EAL can be extended in order to support any processors.

==Ecosystem==

DPDK is now an open-source project under the Linux Foundation, supported by many companies. DPDK is governed by a Governing Board. The technical activities are overseen by a Technical Board. Beside Intel, which is a contributor to the DPDK, several other vendors also support the DPDK within their products and some offer additional training, support and professional services. The list of vendors who have announced DPDK support includes: 6WIND, ALTEN Calsoft Labs, Advantech, Brocade, Big Switch Networks, Mellanox Technologies, Radisys, Tieto, Wind River, Lanner Inc. and NXP.

==Projects==
The pfSense project published a road map on 25 February 2015, in which developer Jim Thompson announced the rewriting of the pfSense core—including pf, network packet forwarding and shaping, link bonding, IPsec—using DPDK: "We have a goal of being able to forward, with packet filtering at rates of at least 14.88 Mpps. This is 'line rate' on a 10 Gbps interface. There is simply no way to use today's FreeBSD (or Linux) in-kernel stacks for this type of load."

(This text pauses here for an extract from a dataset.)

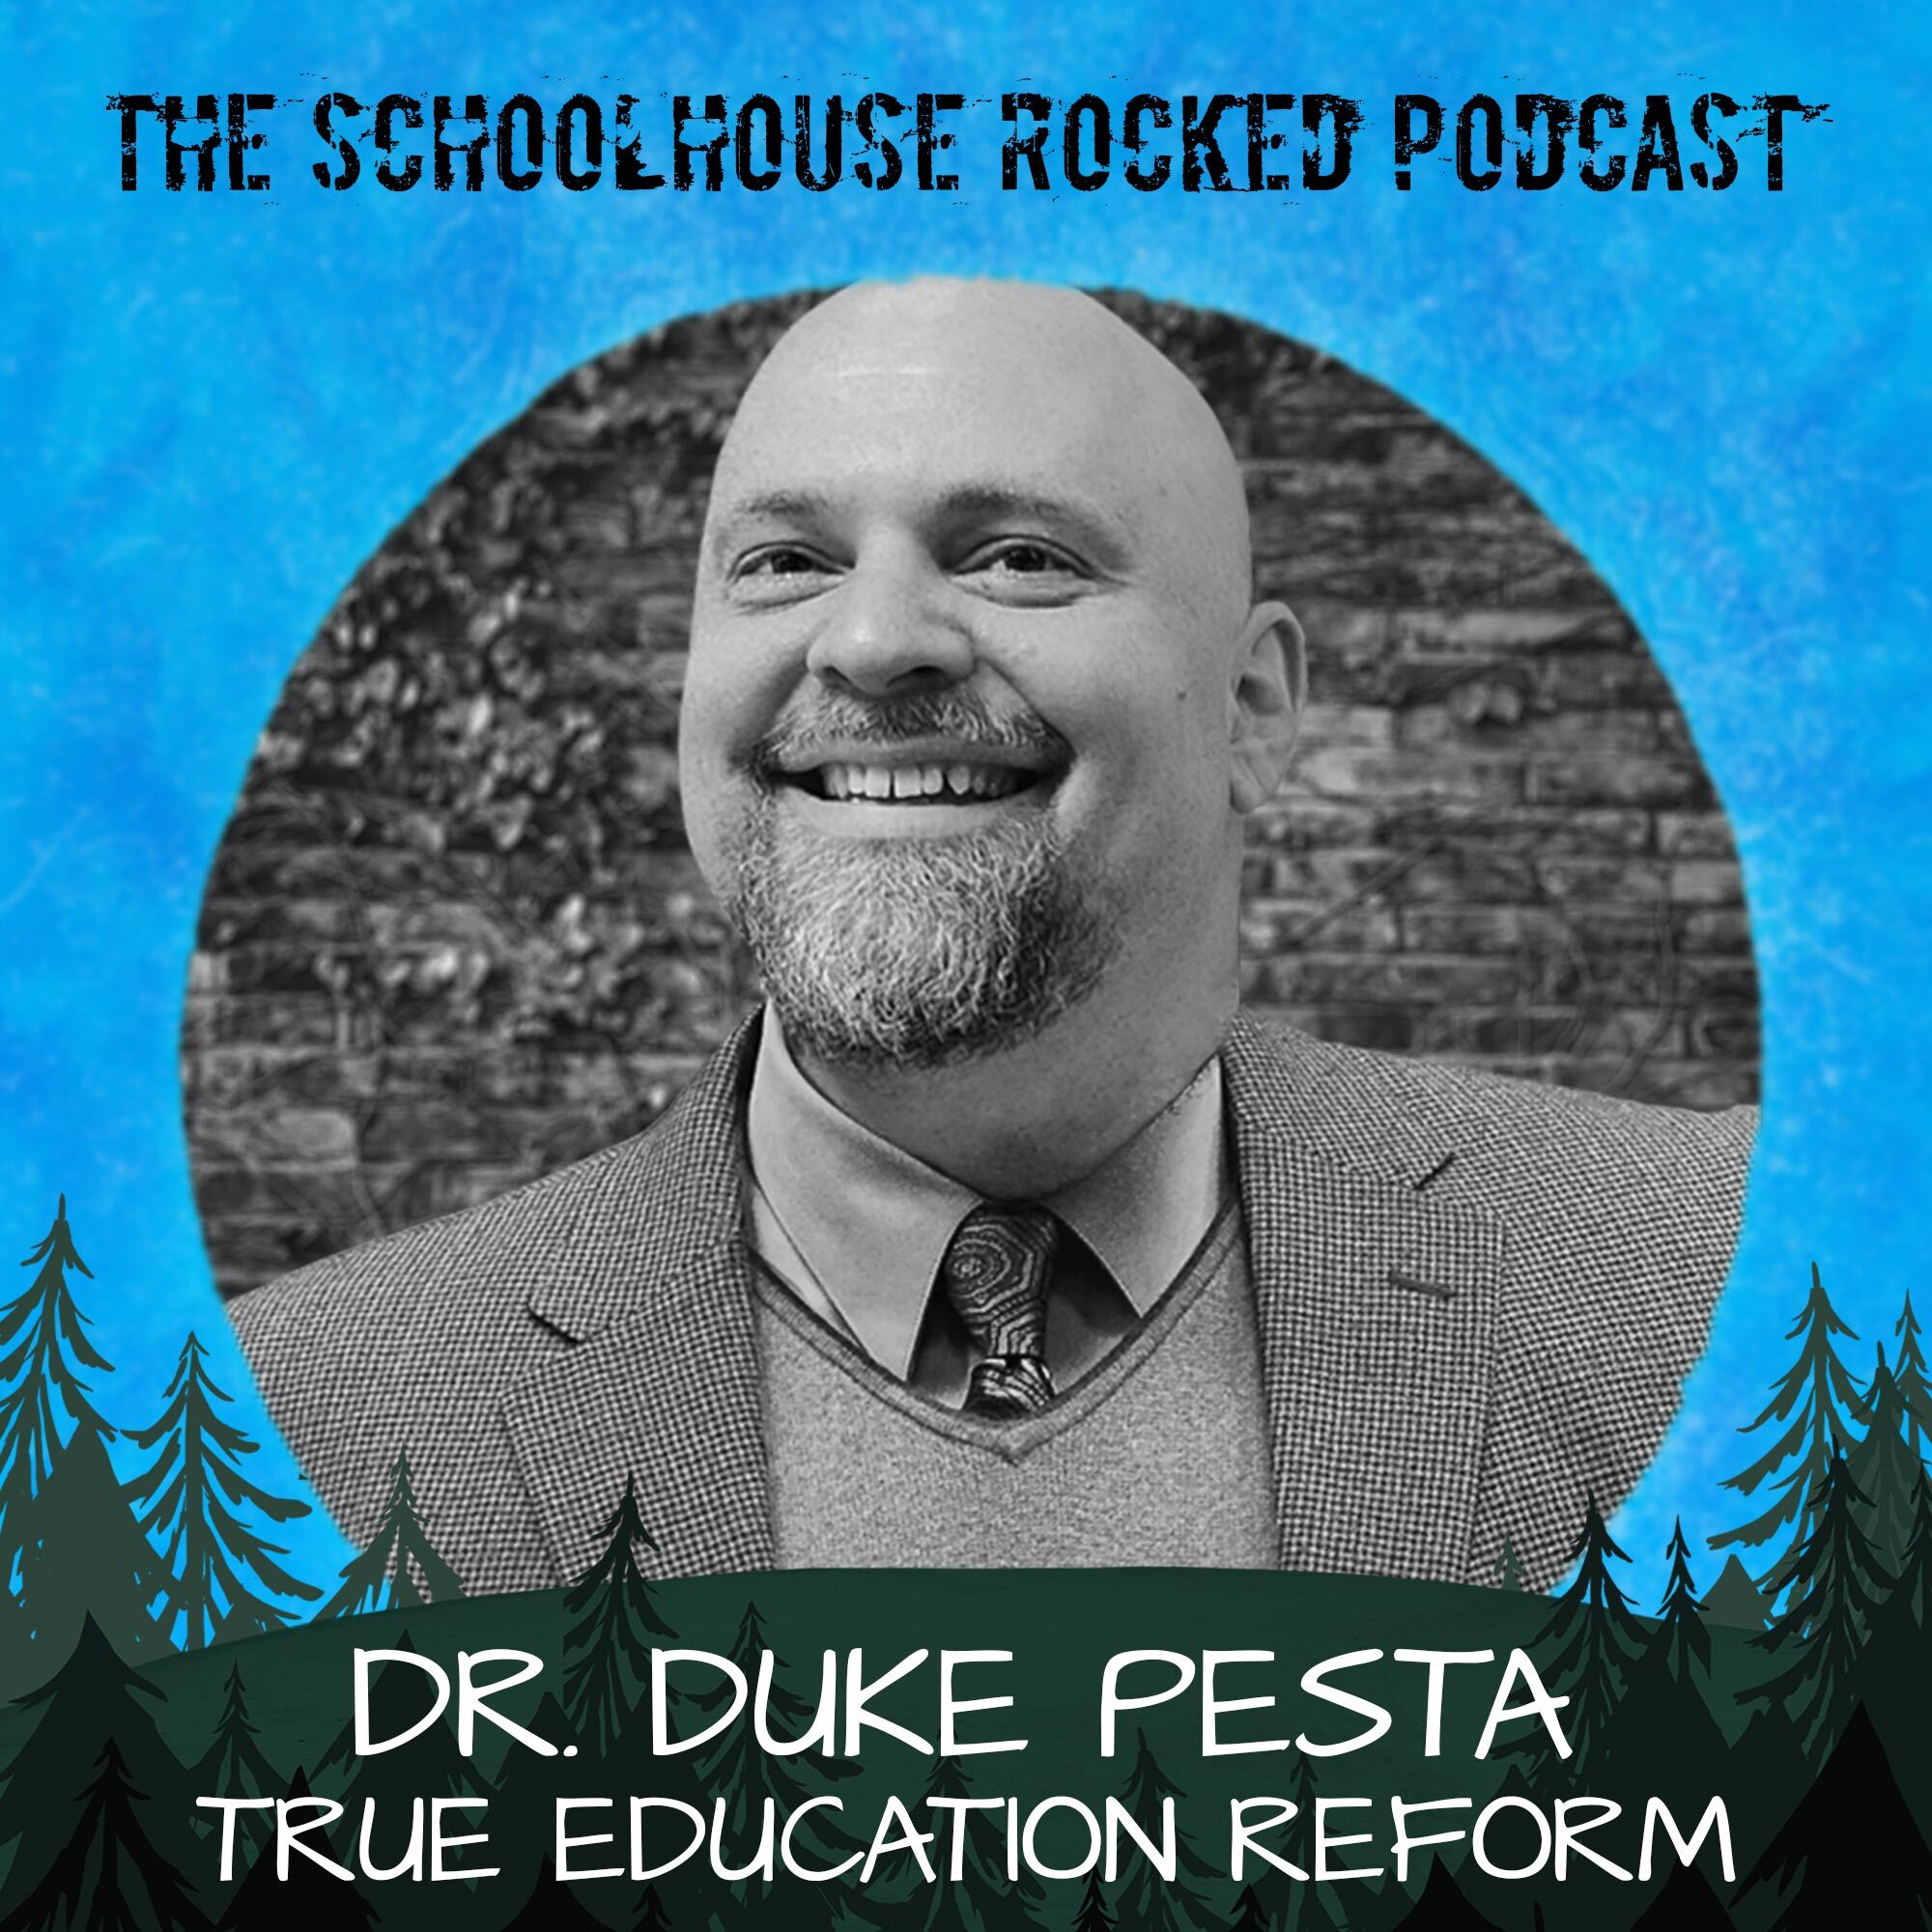 Dr. Duke Pesta - A University Professor’s Opinion on Homeschooling

Open vSwitch (OVS) has a limited set of features running userland that can be leveraged to bypass the Linux kernel OVS processing. This use case of OVS with DPDK userland is usually named OVS-DPDK. It is mostly deployed with OpenStack Neutron but it assumes that many features and software-defined networking (SDN) capabilities of Openstack are disabled. For instance, when OVS-DPDK is used, Neutron provides a lower level of security than when OVS kernel is used (no stateful firewalling, less security group).

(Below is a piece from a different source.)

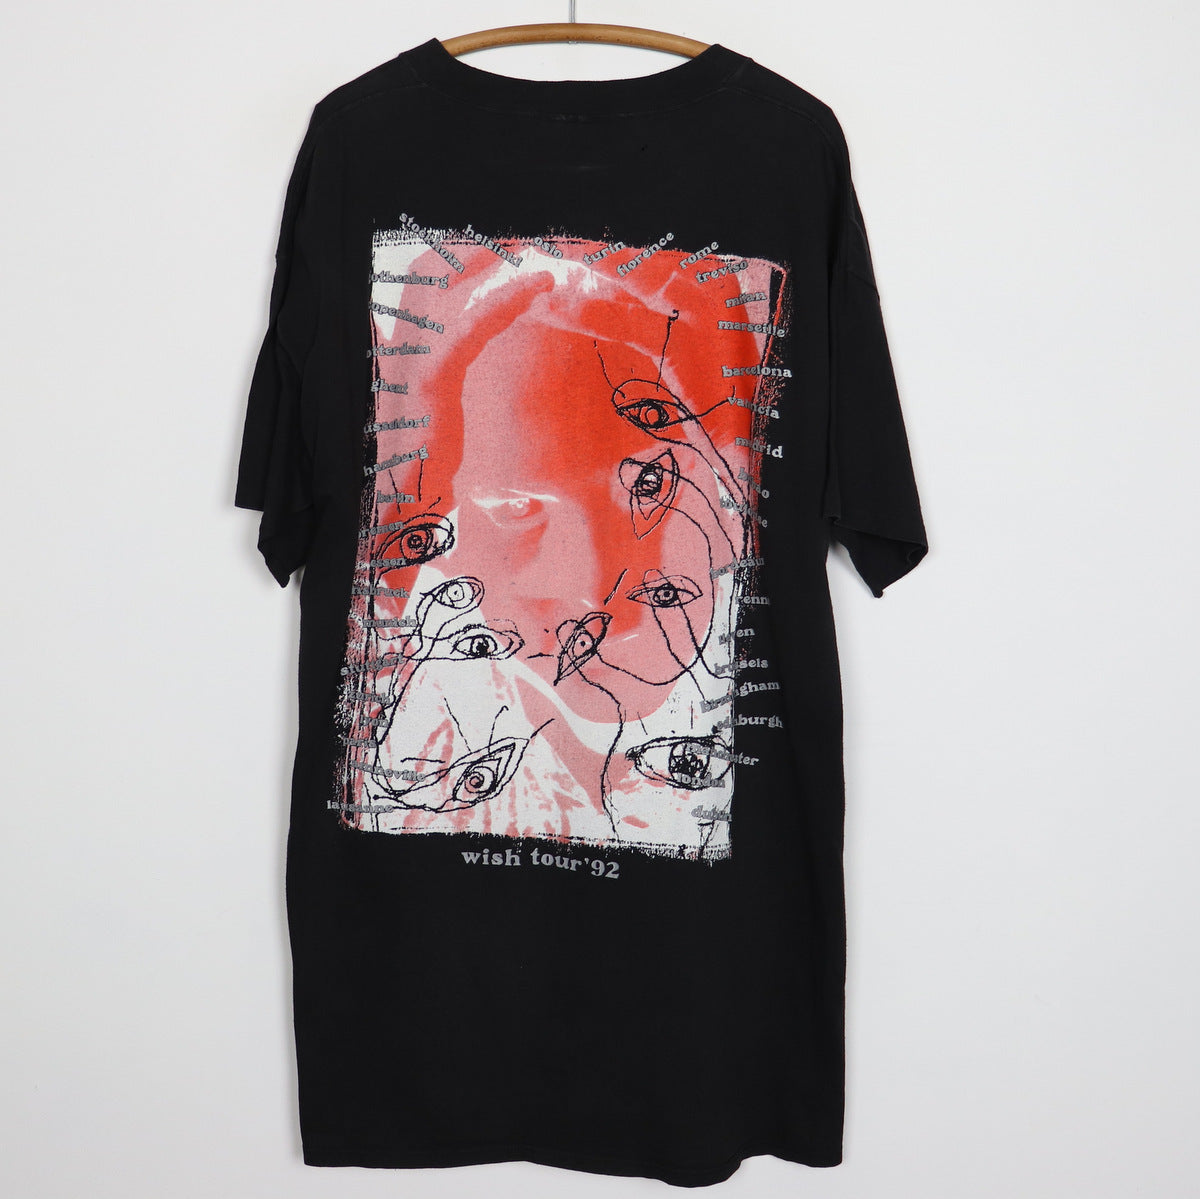 1992 The Cure Wish Tour Shirt

The FD.IO VPP platform is an extensible framework that provides out-of-the-box production quality switch/router functionality. It is the open source version of Cisco's Vector Packet Processing (VPP) technology: a high performance, packet-processing stack that can run on commodity CPUs, and can leverage the Poll Mode Drivers for both NICs and cryptographic acceleration hardware and libraries. VPP supports and uses the DPDK library.

TRex is an open source traffic generator using DPDK. It generates L4–7 traffic based on pre-processing and smart replay of real traffic templates. TRex amplifies both client and server side traffic and can scale to 200 Gbit/s with one UCS using Intel XL710. TRex also supports multiple streams, ability to change any packet field and provides per stream statistics, latency and jitter.

DTS (DPDK Test Suite) is a Python-based framework for functional tests and benchmarks. It is an open-source project, started in 2014, and is hosted on dpdk.org. It supports both software traffic generators like Scapy and dpdk-pktgen, and a hardware traffic generator like Ixia.

DPDK has support for several SRIOV network drivers, enabling creating a PF (Physical Function) and VFs, and also to launch VMs (like QEMU VMs) and assign VFs to them using PCI Passthrough

DDP (Dynamic Device Personalization) is one of the new advanced features implemented with DPDK. It allows you to load
firmware for a device dynamically, without resetting the host.